Через несколько недель Бессемер снова в Париже, но теперь с партией снарядов (на их изготовление была получена субсидия от Наполеона III). Они цилиндрической формы, весят 24 и 30 фунтов и сделаны в калибр 4 3/4-дюймовой пушки, стреляющей двенадцатифунтовыми ядрами.
22 декабря на Венсенском полигоне происходила пробная стрельба. Она прошла удачно. Снаряды делали круглые пробоины в деревянных мишенях, а спиральные царапины, сделанные острыми краями этих пробоин на покрытой черным лаком цилиндрической поверхности снаряда, показывали, что снаряд вращается при полете.

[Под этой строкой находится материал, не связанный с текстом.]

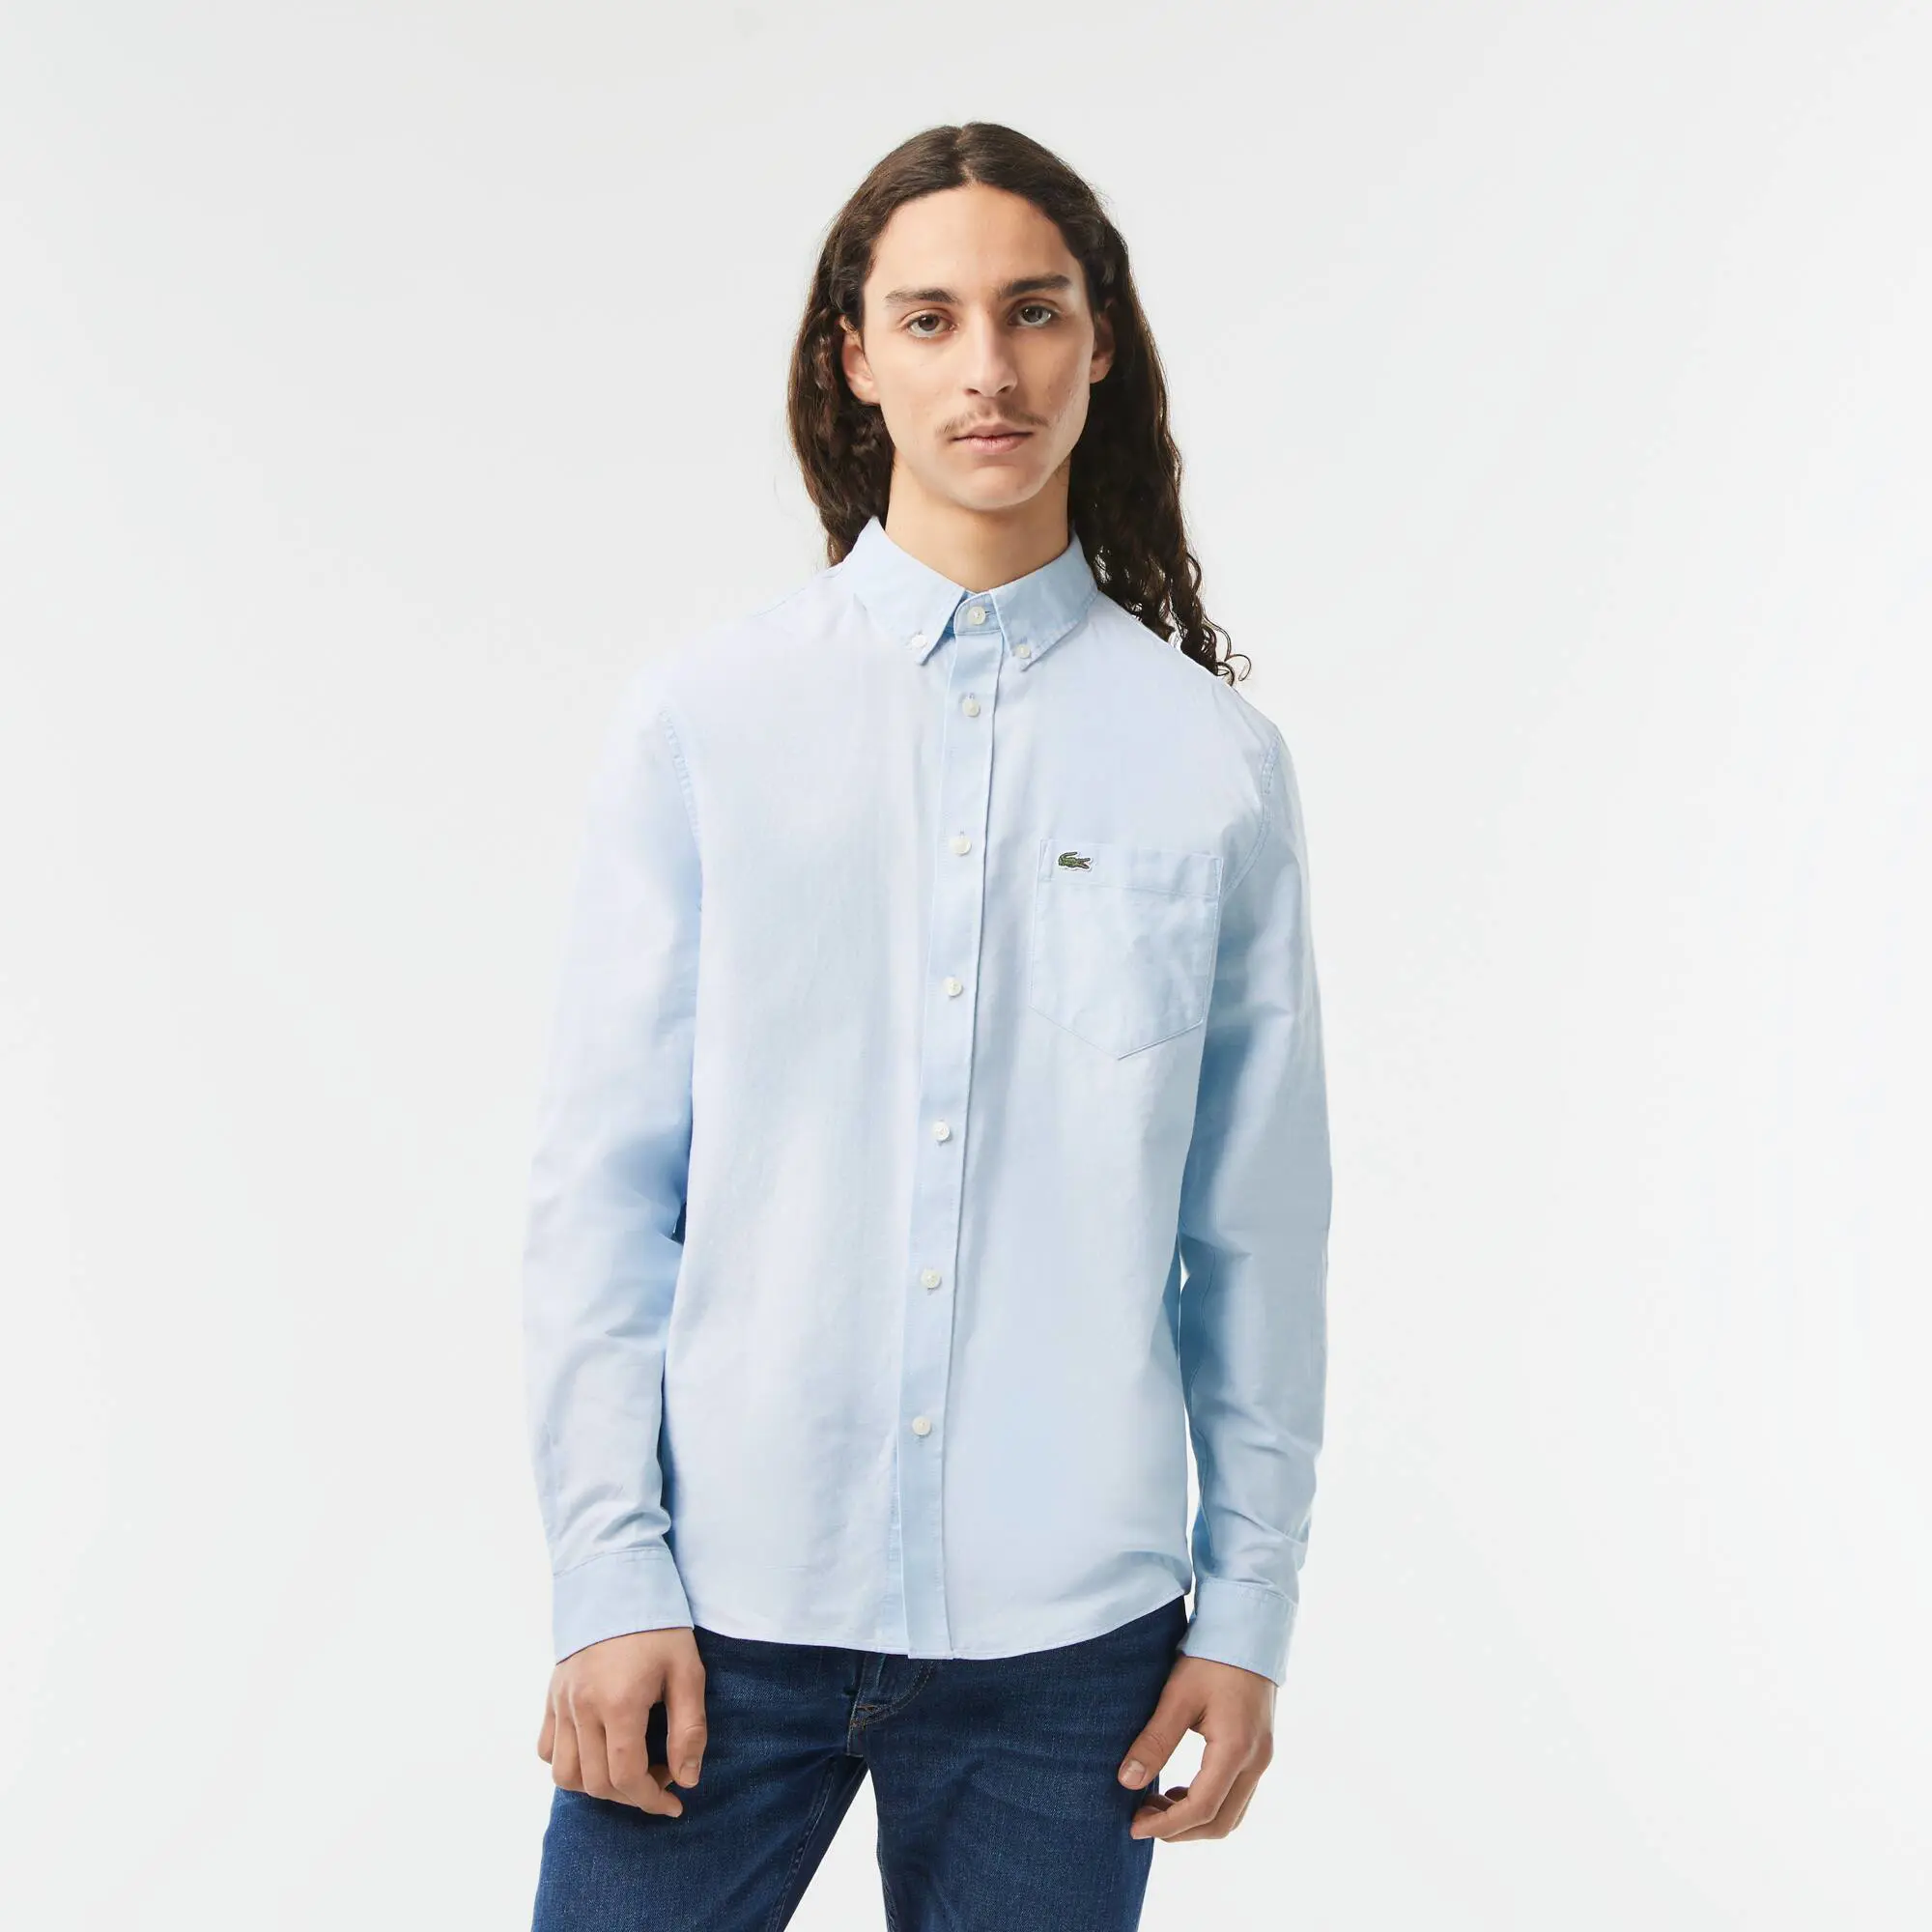 Lacoste Men’s Buttoned Collar Oxford Cotton Shirt. 1

«Все это прекрасно. И снаряд вращается с достаточной быстротой, и идет он острием вперед, но можно ли доверять нашим орудиям. Нужно считать далеко небезопасной стрельбу тридцатифунтовыми снарядами из двенадцатифунтовой чугунной пушки. Главный вопрос заключается в следующем: можно ли изготовить пушку, которая выдержала бы стрельбу такими тяжелыми снарядами».
Так оценил результаты испытаний французский специалист, которому было поручено руководство ими, капитан Минье, изобретатель ружья новой системы и большой авторитет в стрелковом деле.

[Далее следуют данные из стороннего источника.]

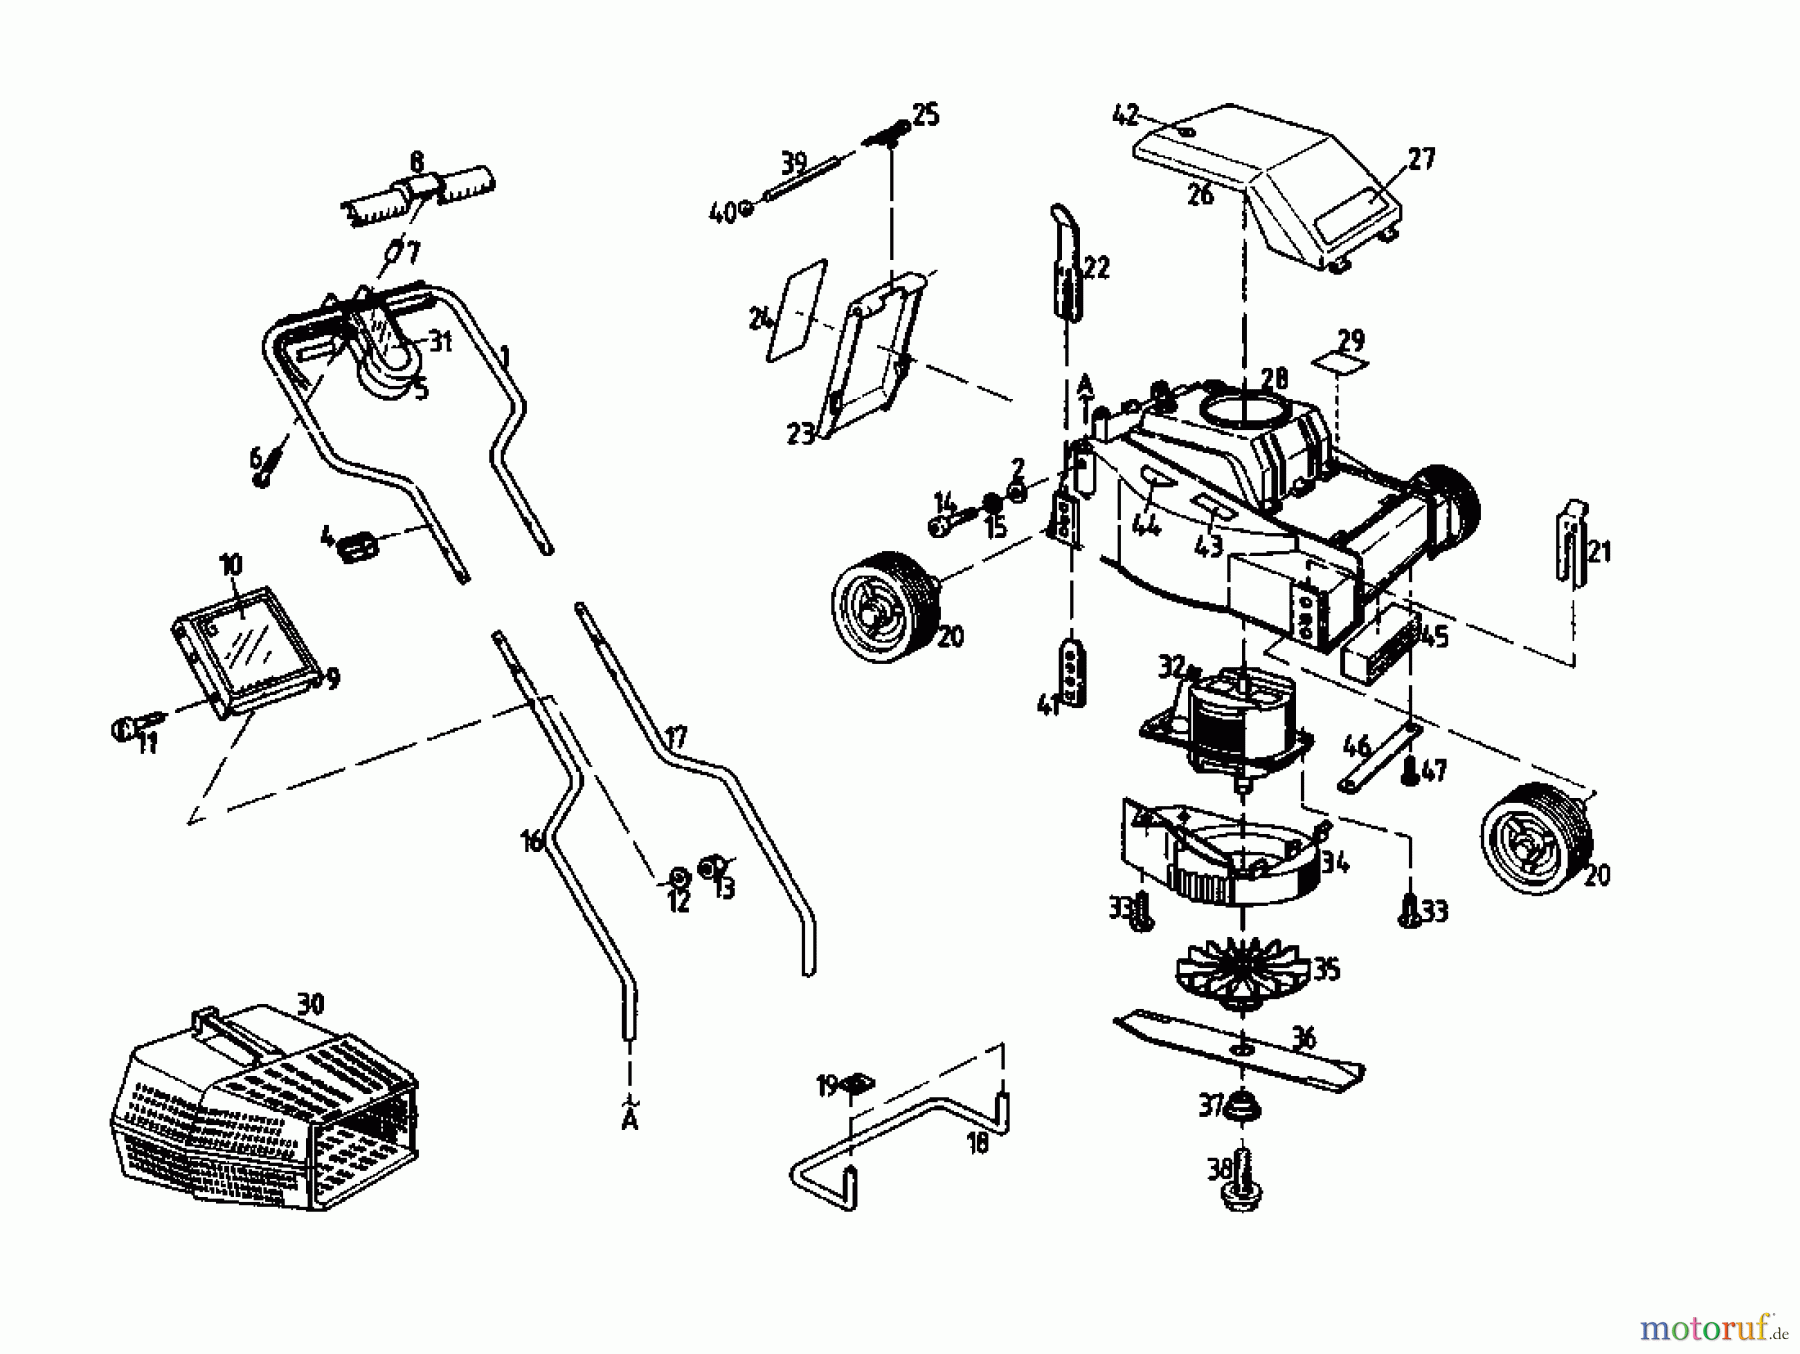  Gutbrod Electric mower HE 32 02845.01  (1988) Basic machine

«Это простое замечание, — пишет Бессемер, — было искрой, которая породила одну из крупнейших революций XIX века. Оно сразу направило мое внимание на действительную трудность положения. Я отлично помню, как в тот холодный декабрьский вечер, когда я один возвращался в Париж, я в душе решил, если возможно завершить так хорошо начатое дело, выработав способ получения чугуна более высокого качества, могущего выдержать большие напряжения, необходимо возникающие от увеличения веса снаряда. Я не имел тогда ни малейшего представления, как приступить к этой новой и важной проблеме, но уже самый факт, что тут надо было что-то открыть, сделать что-то важное, уже этого одного было достаточно, чтобы подстрекнуть меня. Передо мною был открытый путь — достичь имени и богатства, а риск заключался только в затраченном времени и труде, если бы моя попытка окончилась неудачей...».
Через несколько дней после этого на аудиенции Наполеон обещал поддержку Бессемеру в этой новой работе. К новому году Бессемер сидел уже снова у себя на Бакстер Стрит, с головой уйдя в проектирование и подсчеты — ведь перед ним стояла желанная цель — «слава и богатство».

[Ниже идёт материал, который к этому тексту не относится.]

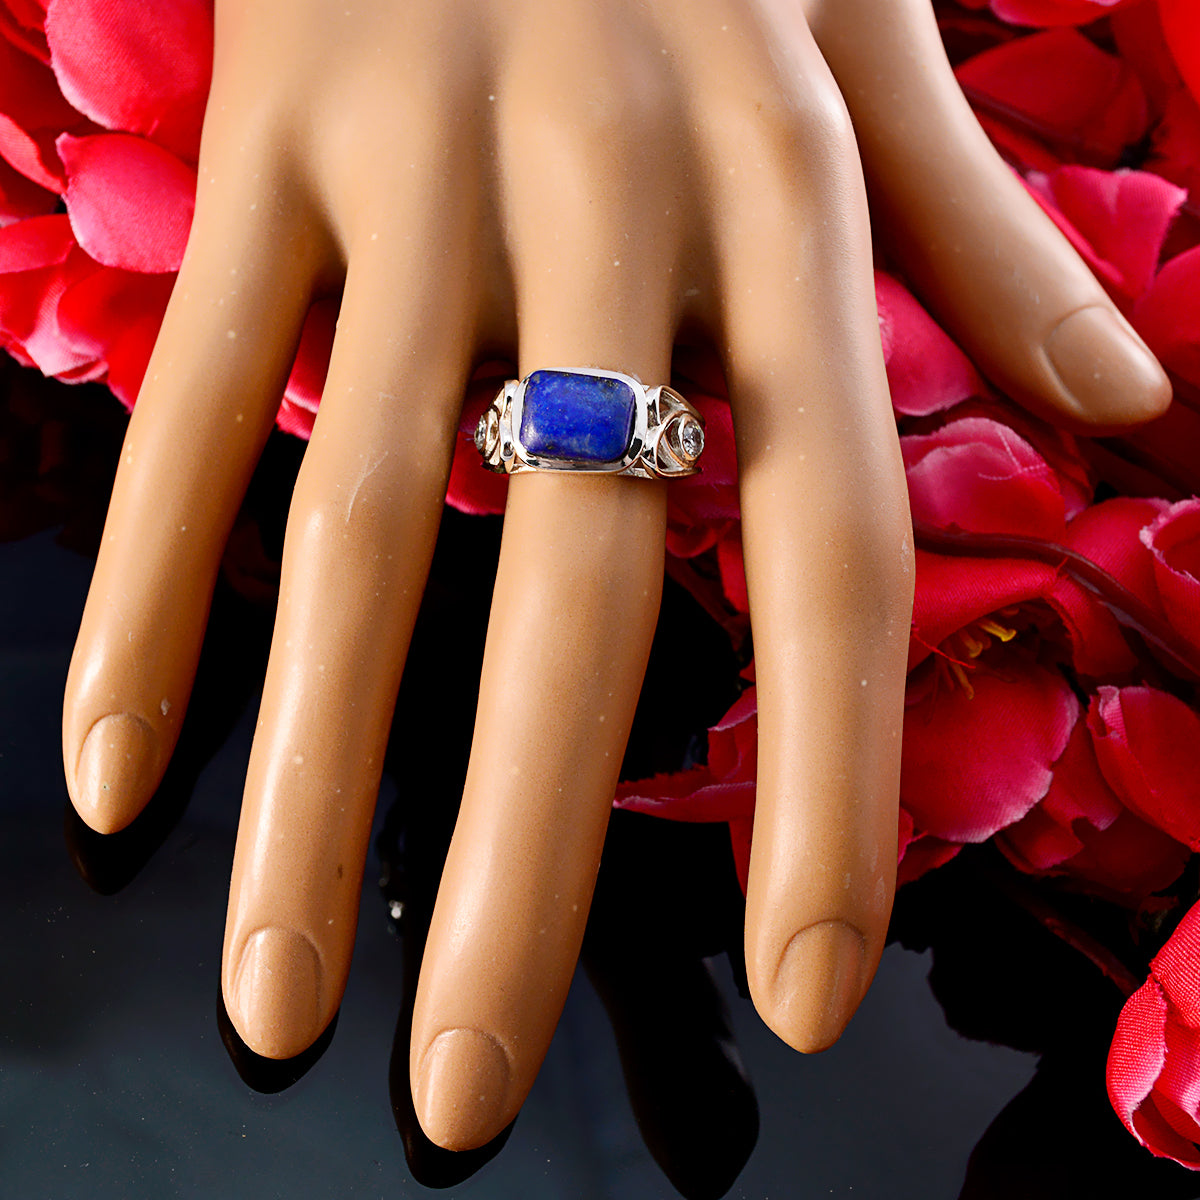 Riyo Inviting Gems Lapis Lazuli 925 Silver Ring Statement Jewellery

«Послушайте, Клэй, мне очень хочется, чтобы вы пошли сегодня утром на заседание одной из секций, там будет над чем посмеяться.
— Очень жаль, но я уже приглашен на сегодняшнее утро, а то я с удовольствием пошел бы с вами.
— Вам непременно надо туда пойти. Знаете ли вы, из Лондона приехал какой-то чудак читать доклад, как делать железо без применения топлива. Ха, ха, ха...
— А вот мы с этим джентльменом как раз туда и отправляемся.
— Тогда идемте».
Такова дословная запись разговора, происходившего 13 августа 1856 года за утренним завтраком в столовой гостиницы одного живописного курорта западной Англии, Челтенгэма, в графстве Глостерском. Молчаливым свидетелем его был третий джентльмен, с которым Клэй собирался итти на заседание.
Курорт, куда съезжались для того, чтобы лечить расстройство пищеварения, и вопросы металлургии, казалось бы, имели мало общего, кроме разве географической близости Челтенгэма к двум важнейшим районам английской металлургической промышленности — Южному Уэльсу и Южному Стаффортширу. Однако Челтенгэму суждено было войти в историю металлургии, а дню 13 августа 1856 года стать знаменательной датой ее развития.
Разговор происходил между директором Мэрсейских заводов в Ливерпуле, Клэем, и Джэмсом Пальмером Буддом, владельцем одного из крупнейших металлургических заводов Южного Уэльса в Исталайфера (одиннадцать доменных печей).
А встретились эти два металлурга, и еще третий джентльмен, приятель Клэя, в гостинице Челтенгэма потому, что в Челтенгэме происходил очередной годовой съезд «Британской Ассоциации», по доброй традиции устраивающей эти собрания в особенно интересных и приятных для пребывания местах.